L’annuncio di Khamenei è caratterizzato da quella consueta dose di estrema vaghezza nel fornire specifiche riguardo ai possibili attacchi. Malgrado nell’ultima settimana la situazione sembrasse tranquilla, non si sono fermate le speculazioni sulla possibile risposta iraniana agli attacchi di fine ottobre. Secondo quanto riporta il sito di informazione Axios, l’intelligence israeliana sospetterebbe che l’Iran stia preparando una offensiva da lanciare contro Israele a partire da una delle sue “proxy” in territorio iracheno. Mercoledì 30 ottobre, CNN scriveva che entro il 5 novembre sarebbe potuto arrivare un attacco iraniano sullo Stato ebraico; la data limite fissata dalle fonti indiscrete di CNN non è casuale, poiché coincide con le elezioni statunitensi. Molti analisti ritengono infatti che, dal punto di vista iraniano, il momento propizio per attaccare Israele sia proprio quello precedente alle elezioni presidenziali degli USA, anche perché il risultato potrebbe cambiare notevolmente le carte in tavola. Dall’altro lato della barricata, infatti, c’è chi reputa che a preparare un attacco sia più lo Stato ebraico, che la Repubblica islamica. Su un articolo uscito sulla rivista Fair Observer firmato dall’ex agente della CIA Glenn Carle, si legge che Israele starebbe pianificando un attacco alle basi petrolifere e nucleari iraniane, da tanto tempo sotto i riflettori.

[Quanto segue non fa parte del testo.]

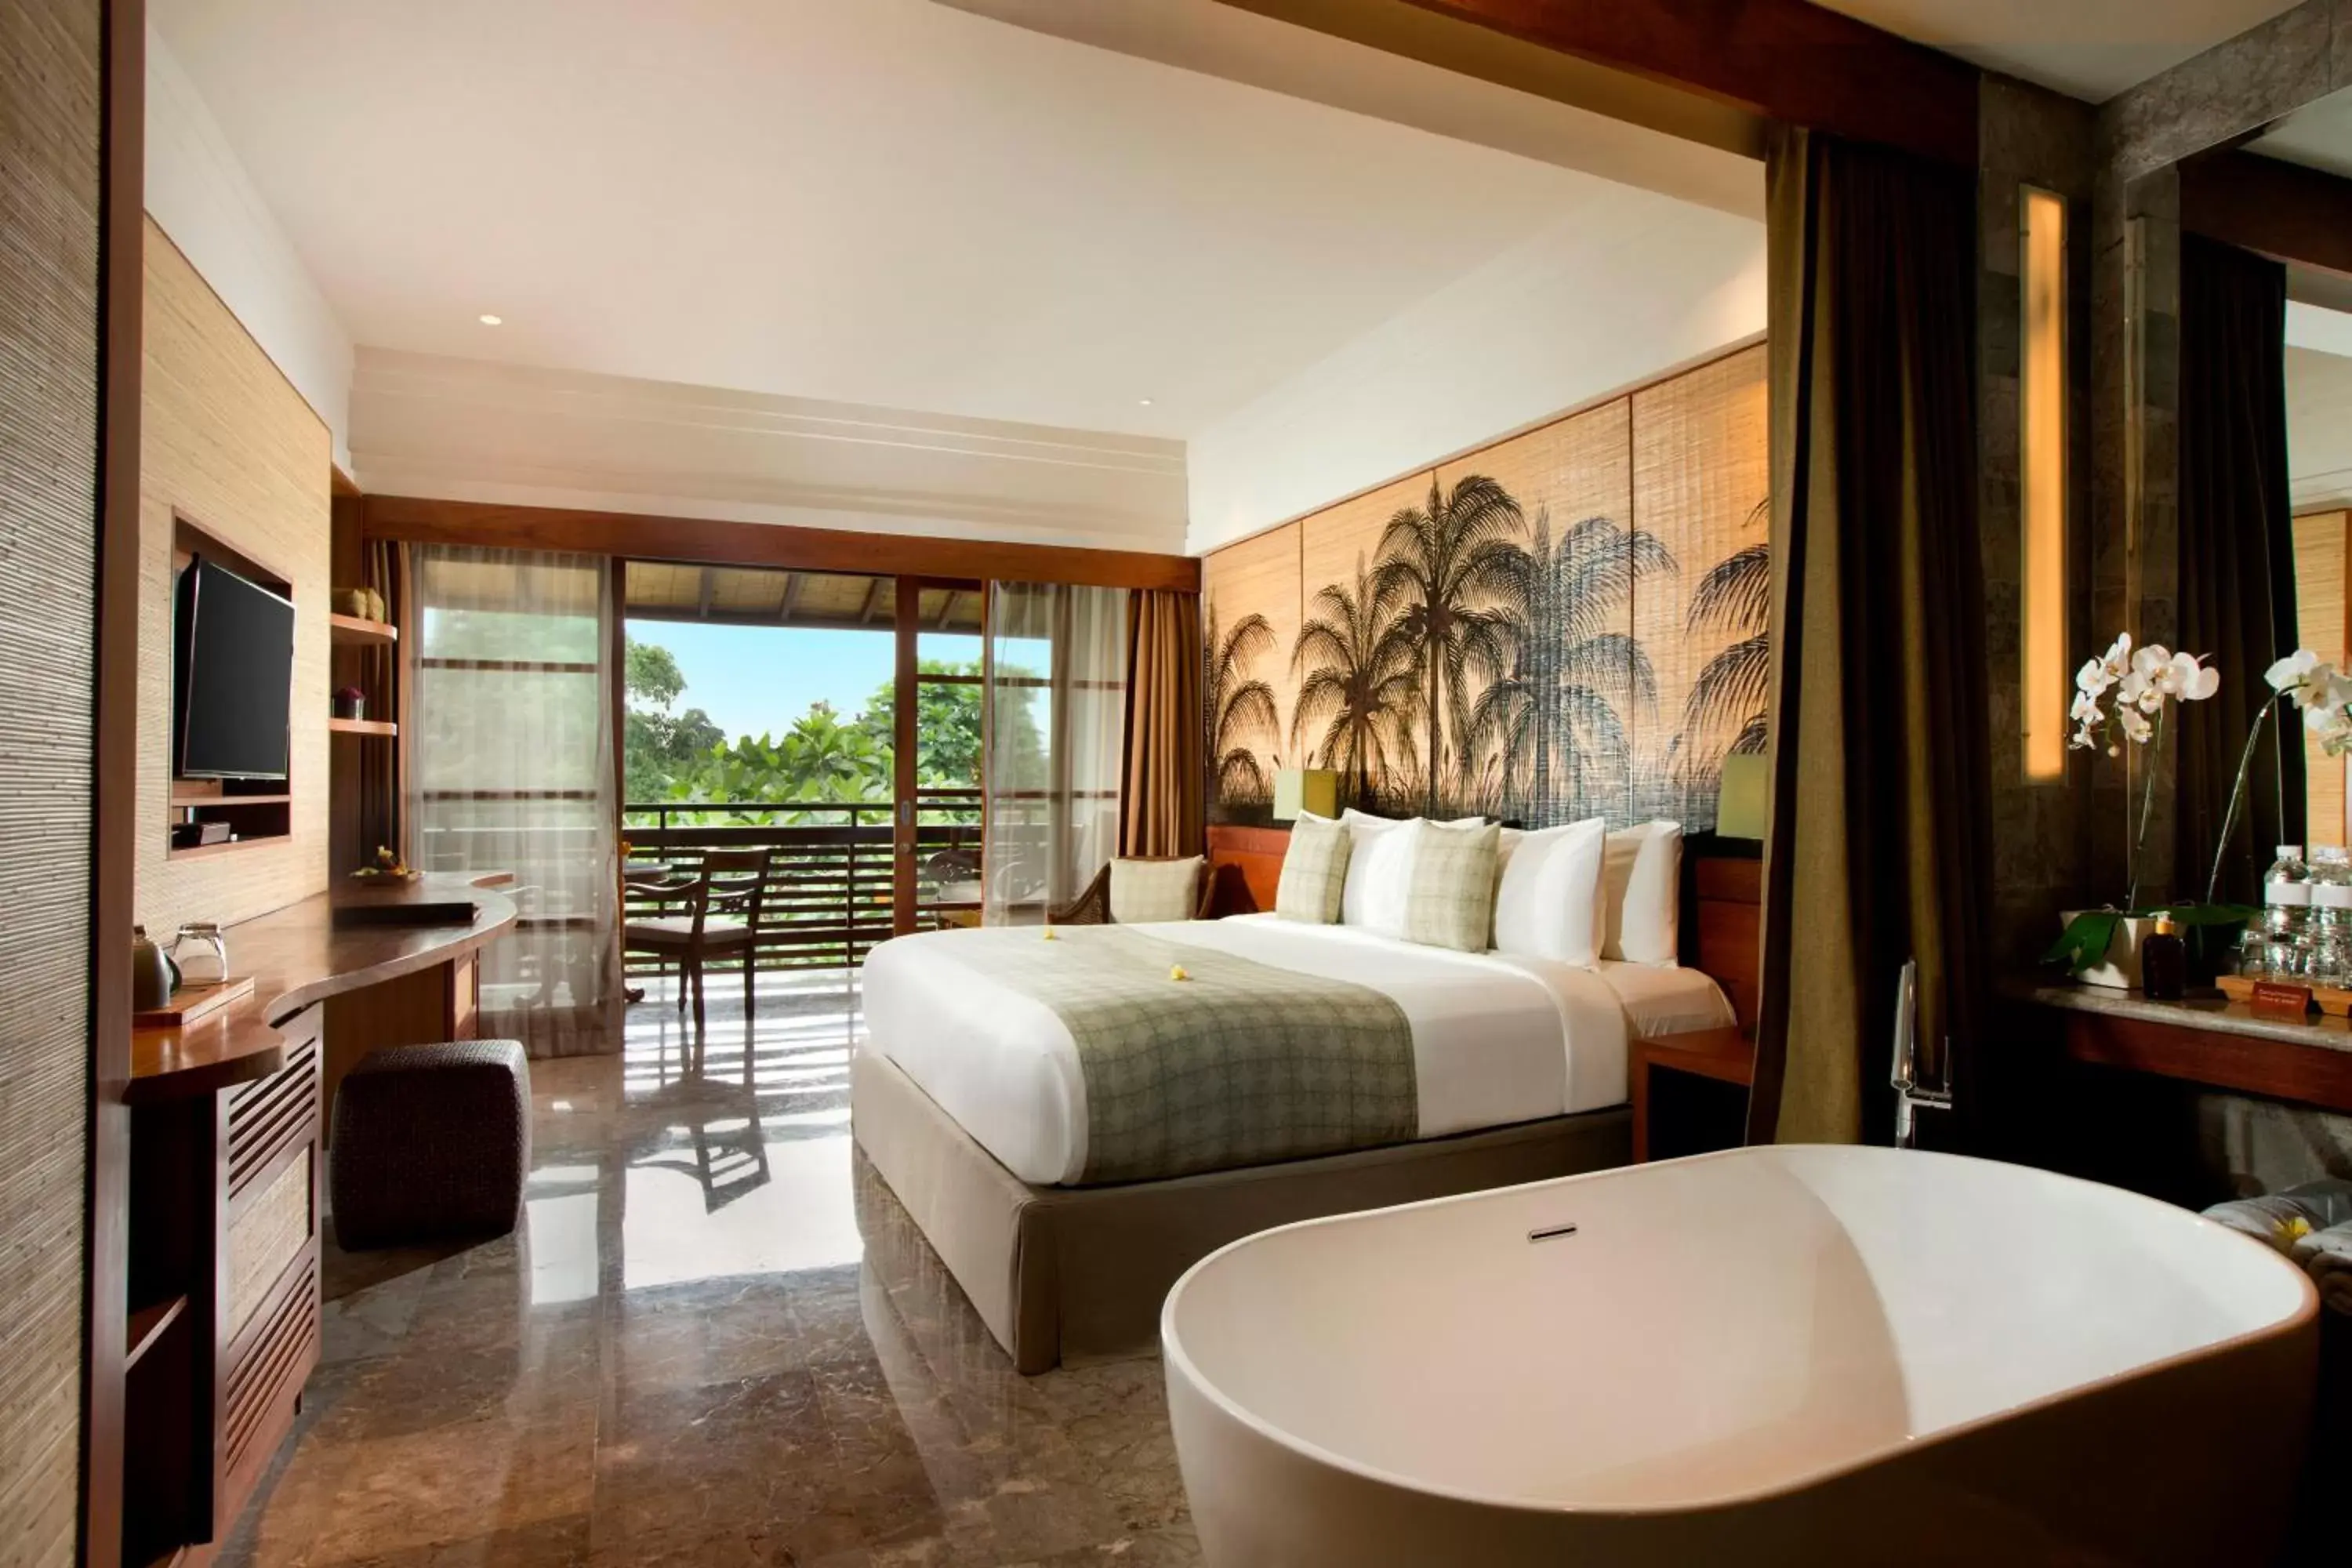 Bedroom in Adiwana Resort Jembawan

Effettivamente, nei giorni che hanno preceduto l’ultima offensiva israeliana, proprio i siti di idrocarburi e nucleari iraniani sono stati al centro di accese discussioni tra l’amministrazione Biden e il governo Netanyahu. Il caso è scoppiato dopo lo scandalo mediatico che ha visto la diffusione di una serie di documenti riservati riguardanti la presunta pianificazione di un attacco israeliano sulle strutture sensibili di Teheran, in seguito a cui il Presidente statunitense ha subito negato il proprio beneplacito a Tel Aviv nel caso prendesse simili iniziative. La discussione sul tema risale agli inizi di ottobre, periodo in cui Biden aveva scelto di mantenere la sua solita linea di vaghezza pubblica nel dichiarare l’appoggio statunitense su questioni riguardanti il tema dell’equilibrio regionale. Trump, al contrario, ha colto l’occasione per sostenere apertamente che Israele avrebbe dovuto prendere di mira i bersagli sensibili della Repubblica Islamica. All’interno di questo sfaccettato quadro, le elezioni del 5 novembre appaiono particolarmente delicate e possono segnare una svolta in questa lunga partita che non sembra voler terminare. Nel mentre, tra dichiarazioni, annunci, e nuovi dispiegamenti di forze, i tre principali contendenti continuano a prepararsi, e a posizionare i pezzi sulla scacchiera.